Когда сдавали его кафедре, Люся была больна, но прислала два больших подноса со всякими лакомствами для «комедиантов Господина»[21], трогательное письмо и цветы.
«Кабалу» кафедра приняла хорошо, и на другой день спектакль играли уже для «публики», а главное — для Елены Сергеевны. Она была с двумя Сережами — сыном и внуком. Оказывается, в этот вечер были еще Рихтеры, Куравлевы, Лакшин и еще какие-то знакомые Елены Сергеевны. Я волновалась очень, и мне было не до «публики». И опять два подноса и в конце — роскошный букет.
После за кулисы к дрожащим «артистам» пришла Елена Сергеевна, стала их благодарить и вдруг, судорожно всхлипнув, укрылась за ширмой. Преодолевая слезы, она говорила прекрасные слова, а ребята замерли в волнении. И они, и я понимали, что это преувеличение, благодарность за любовь к автору, почти все спектакли которого были еще под запретом, но все мы в тот вечер были счастливы.

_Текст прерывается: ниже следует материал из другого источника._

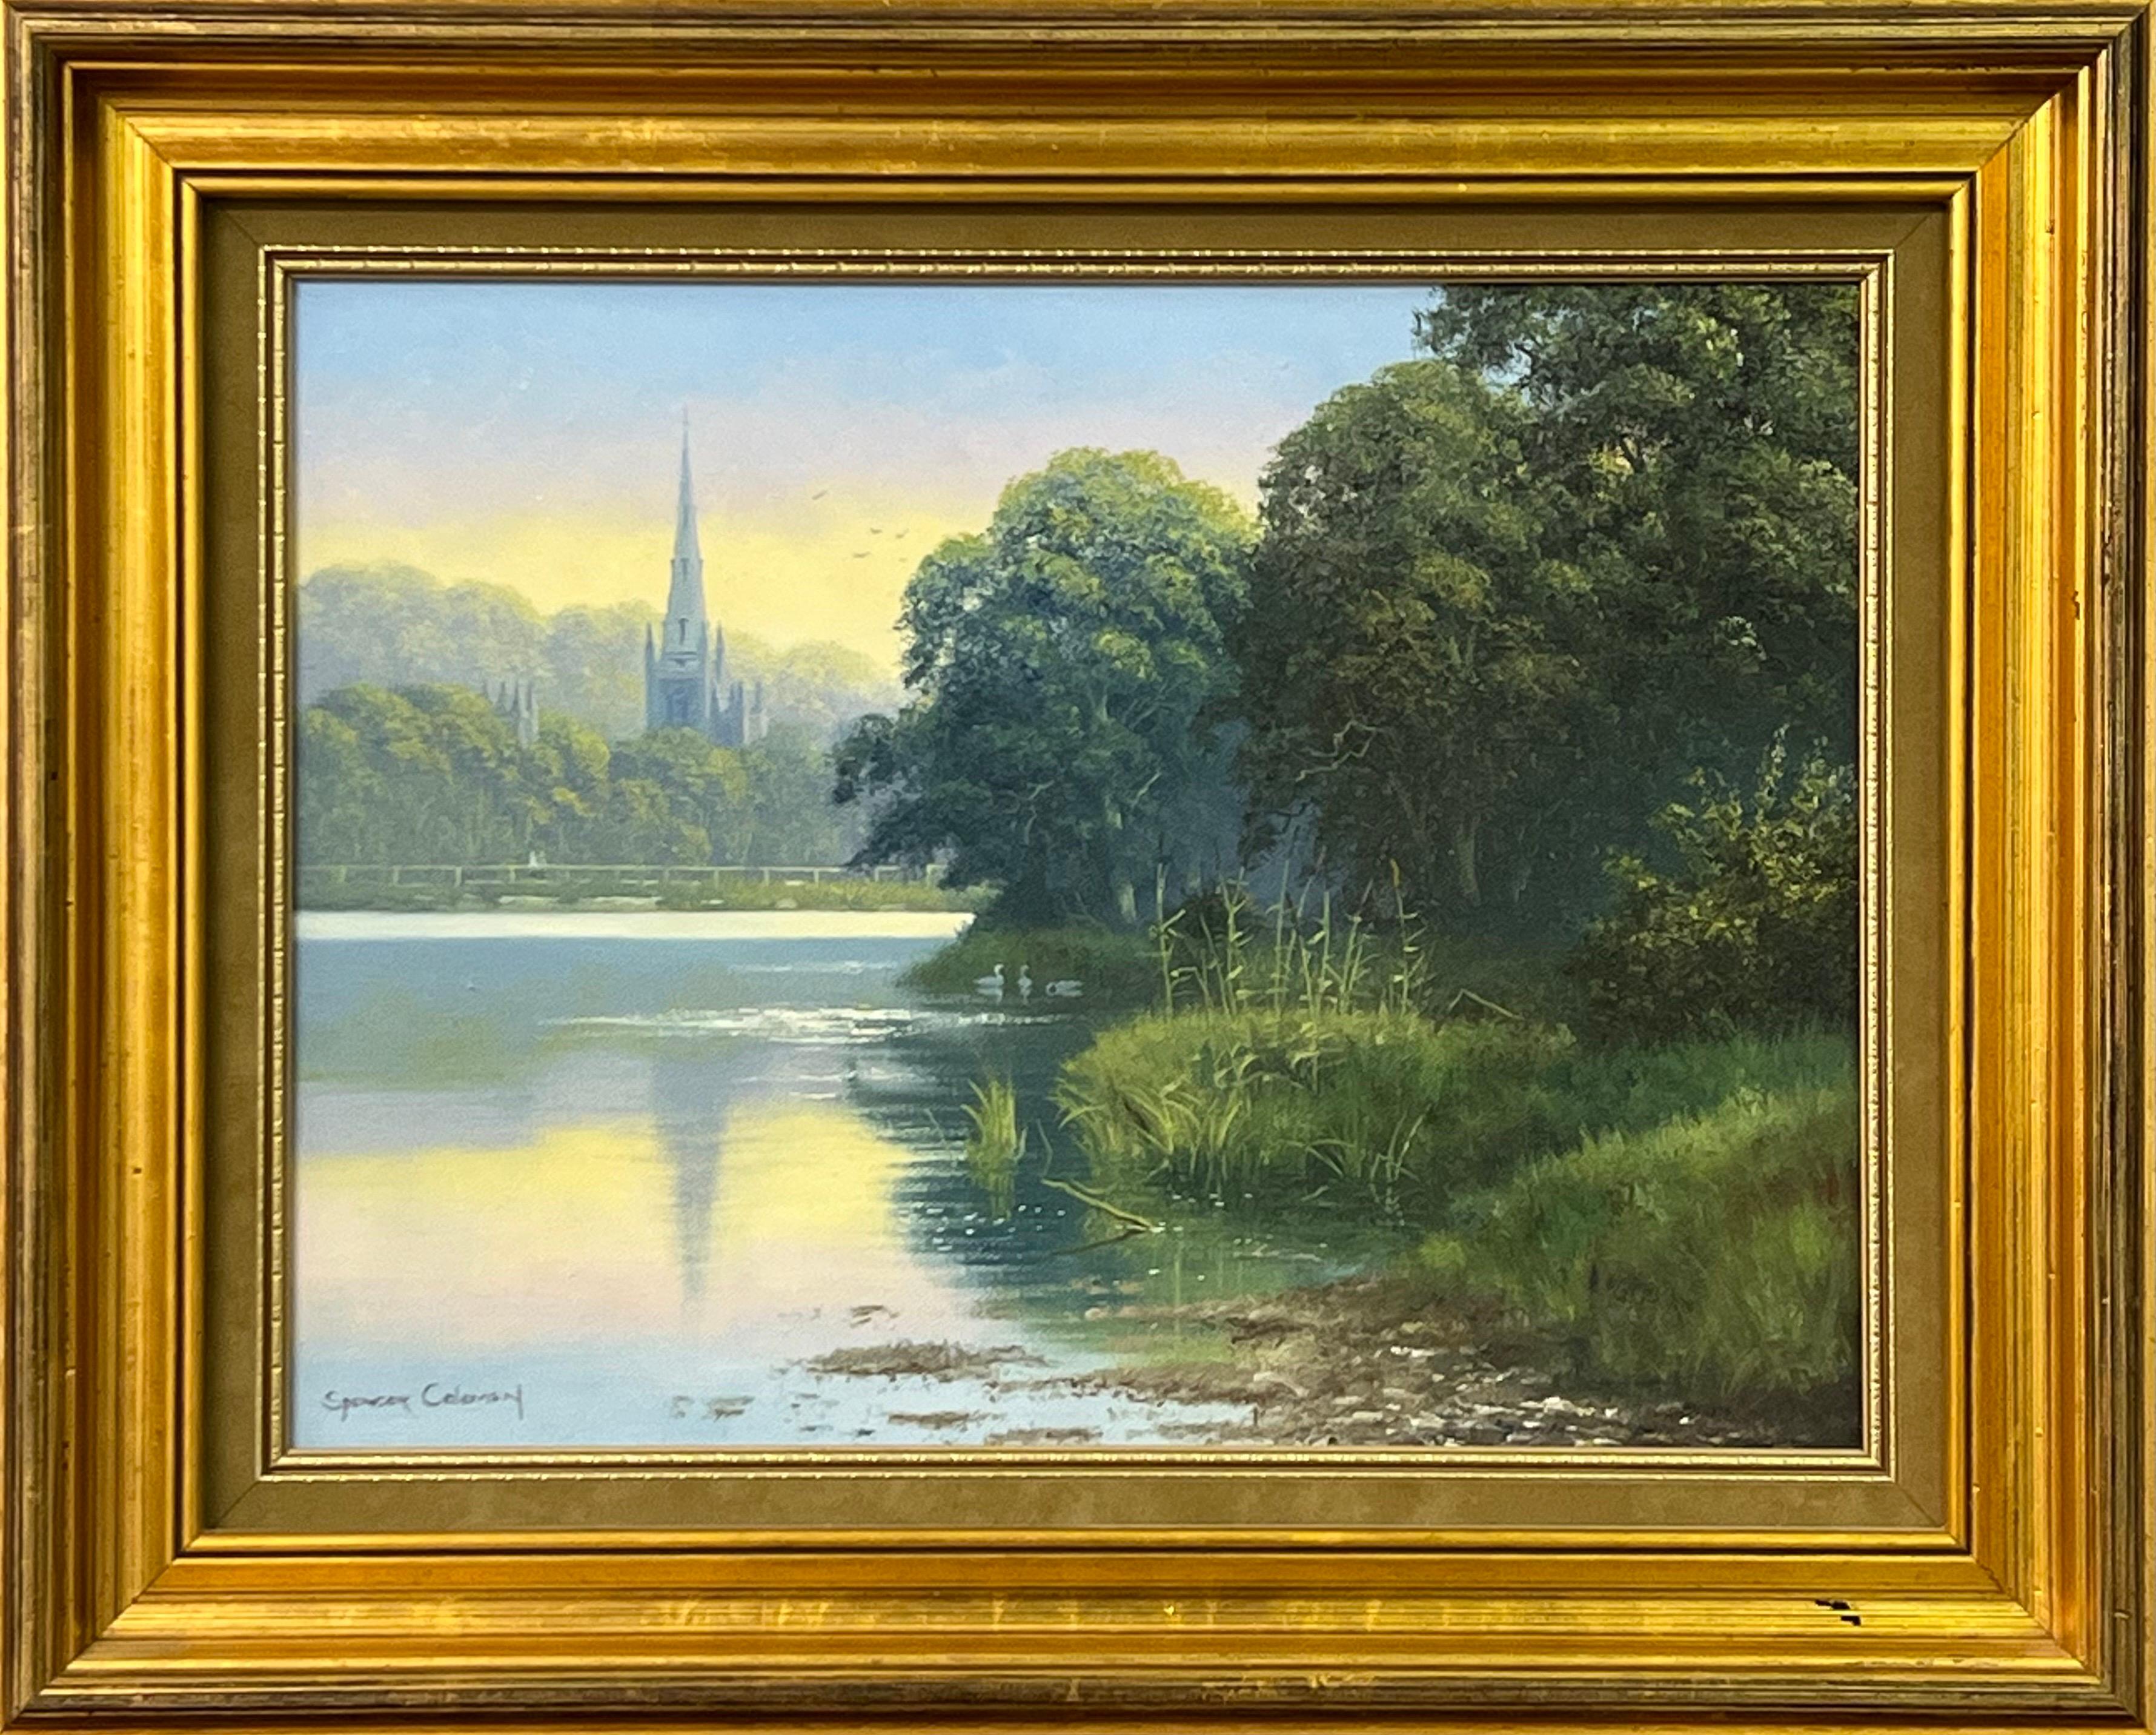 Gemälde einer ländlichen irischen Landschaft mit Swan Lake & Church's Reflections
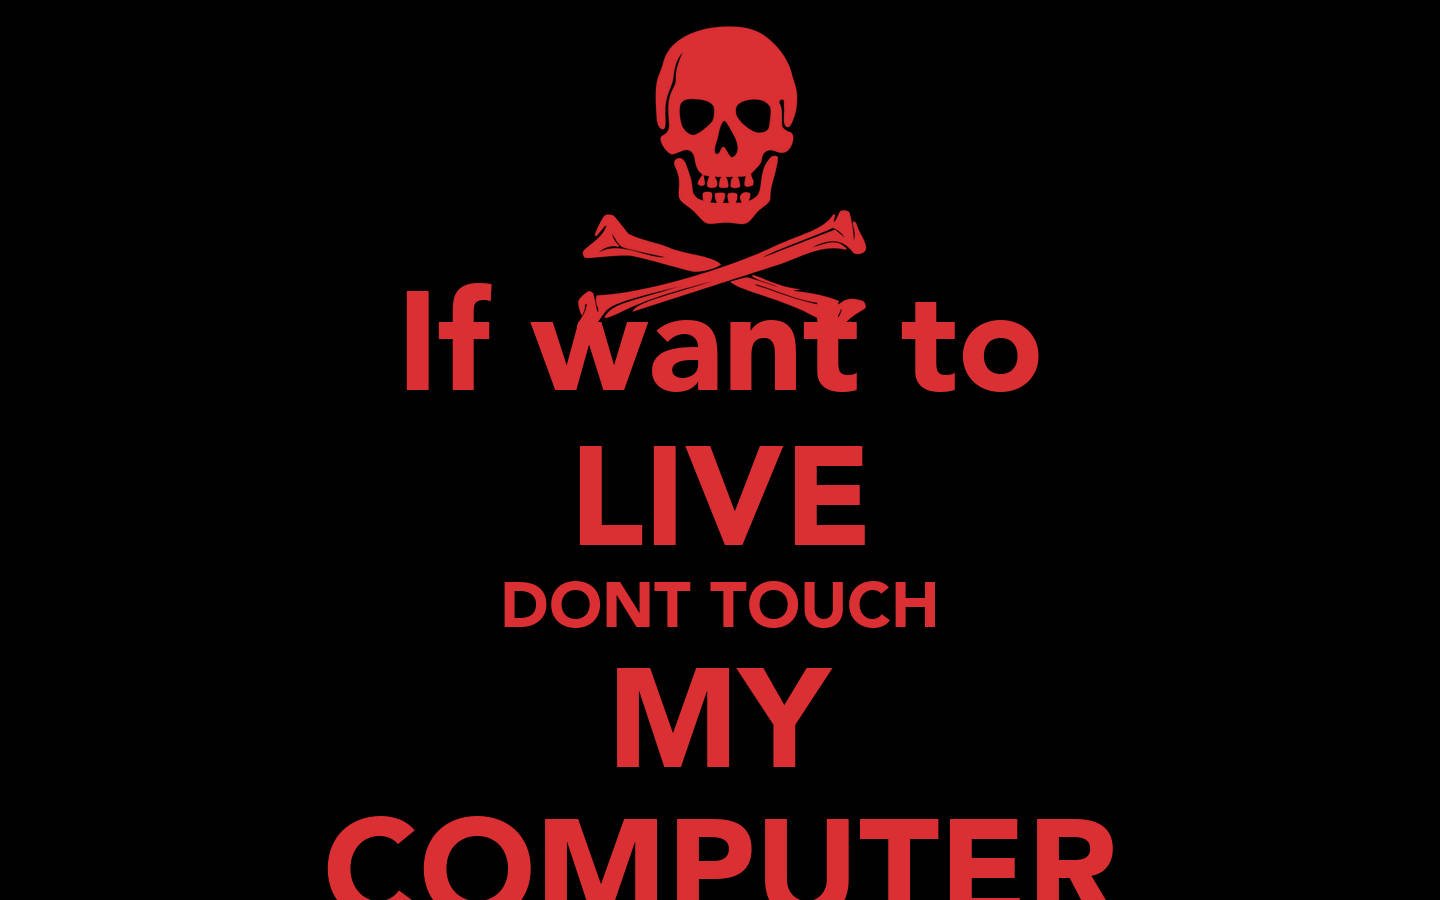 Обои руки убрал. Не трогай мой компьютер обои. Обои не трогать мой компьютер. Прикольные обои с надписями. Обои с надписью не трогай.

Благосклонно приняли наш дипломный спектакль и остальные гости, а на следующем спектакле был уже кое-кто из театра.
Дипломных спектаклей четвертого курса было несколько, и сыгранные на школьной сцене, они переносились на сцену театра «Современник», находившегося в то время на площади Маяковского. На этот случай выпускались афиши, и спектакли шли за деньги, как правило, по два раза каждый.
Когда пришло время нашего «Мольера», ректор сообщил мне, что афиши запрещены: «Понимаешь, родная, так нужно. Ты должна понять». Я «поняла». Мне и художнику Окуню не дали времени для монтировки спектакля, не было возможности для репетиции на незнакомой сцене. Студенты были в смятении, я, признаться, тоже. Сообща мы решили, что это дело нашей чести и что надо положить все силы, чтобы не было сраму.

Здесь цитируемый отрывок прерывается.